When you enroll in college, there are many fees involved. In fact, you might be surprised at how fast these student fees can add up.
Fees required for college enrollment, such as computer lab costs, are typically 529 qualified expenses. If you live in a fraternity or sorority house, your 529 funds may also be used to go toward this housing expense. But they cannot be used to pay for related dues.
Sports and club activity fees are also not qualified 529 expenses. So if you want to join an intramural basketball league or a college chess club, you’ll have to use outside funds, rather than your 529 withdrawal money, to pay for it.
Room and board are covered by 529 withdrawals as long as you have an education savings plan (generally, the prepaid plan cannot be used to cover these expenses) and you are at least a part-time student. However, that doesn’t mean you can use your plan money to decorate your room in the latest trendy style. Room furnishings and decorations are considered personal expenses, and thus aren’t included as qualified 529 expenses.
Every school estimates attendance costs. These costs provide an idea of what you can expect to pay when you attend a specific school.
How much money you can withdraw from your 529 to pay for living costs such as housing and food is based on the cost of attendance at your chosen school. Therefore, you should be careful not to exceed this amount.
It’s easy to stay within estimated costs of attendance when you live on campus and buy a meal plan from the cafeteria. But when you live off campus and buy your own food, you must keep the costs within the given cost of attendance at the school. In other words, you can’t pay any more to live and eat off campus than you would to live in the dorms and eat in the dining hall, per the school’s calculations.
If you have questions about your own school’s limit on housing and food costs, ask the financial aid office for the cost of attendance so you have some guidance.
Keep your costs separate
When using your 529 money to pay for college costs, keep a record of all your purchases. When tax season arrives, you’ll need receipts to back up your claims.
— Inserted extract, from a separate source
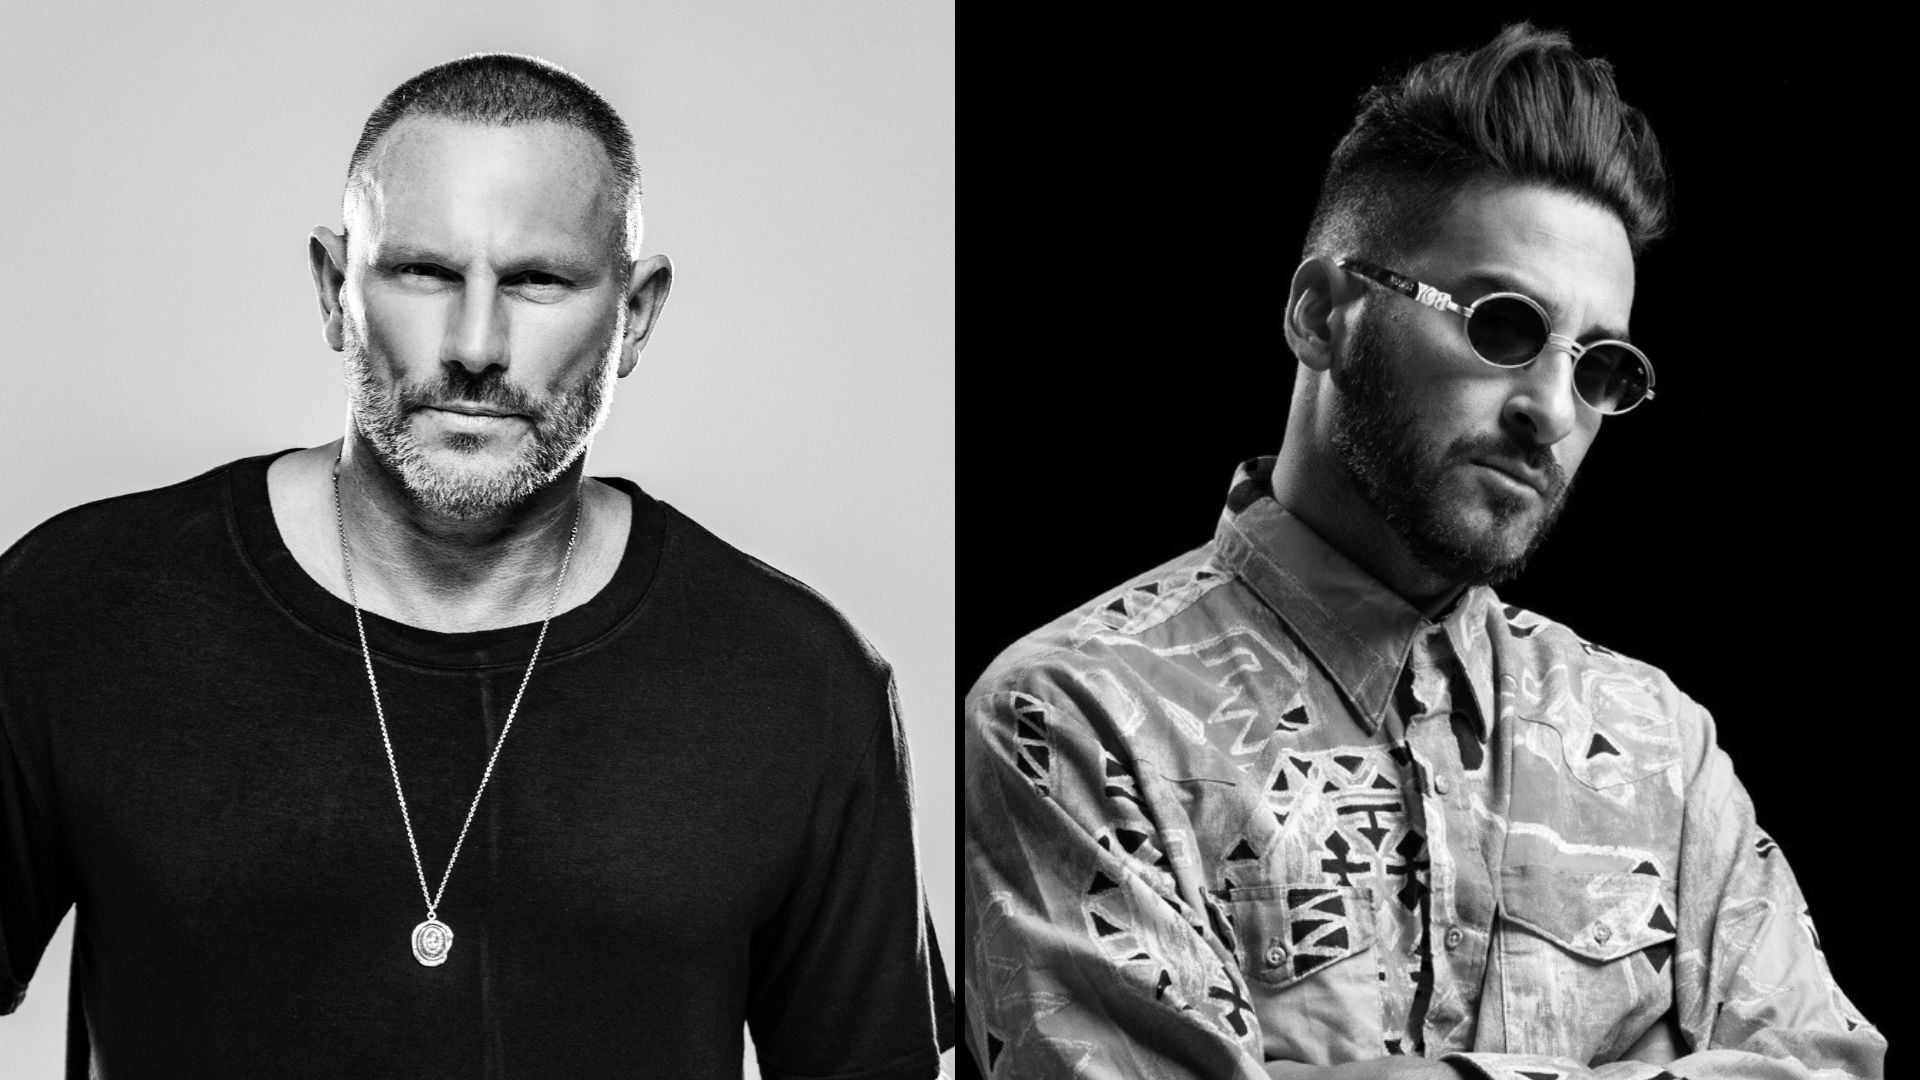 Mark Knight & Armand Van Helden unite once again on 90s-inspired house record ‘Release Me’: Listen

Try to avoid putting 529 qualified expenses on the same transaction with ineligible costs. For example, if you’re buying groceries for the week, don’t toss shampoo and soap on the same transaction as your food purchases.
While it may seem awkward to divide your purchases and complete two transactions, it could make record-keeping easier. And you may be less likely to draw the attention of the IRS when you prepare your taxes.
Other ways to pay for college expenses
A 529 plan can be a great way to help pay for college expenses, but it’s important to be aware of the limits on such spending so you don’t end up being penalized.
That said, a 529 plan may not cover everything. If you find you still have a college funding gap after using your 529 or other savings plans, you can make use of federal loans, make money through a work study program and look for scholarships and grants. You can also apply for private student loans, although you should be aware that these loans are often not as flexible and do not offer the same benefits as federal loans.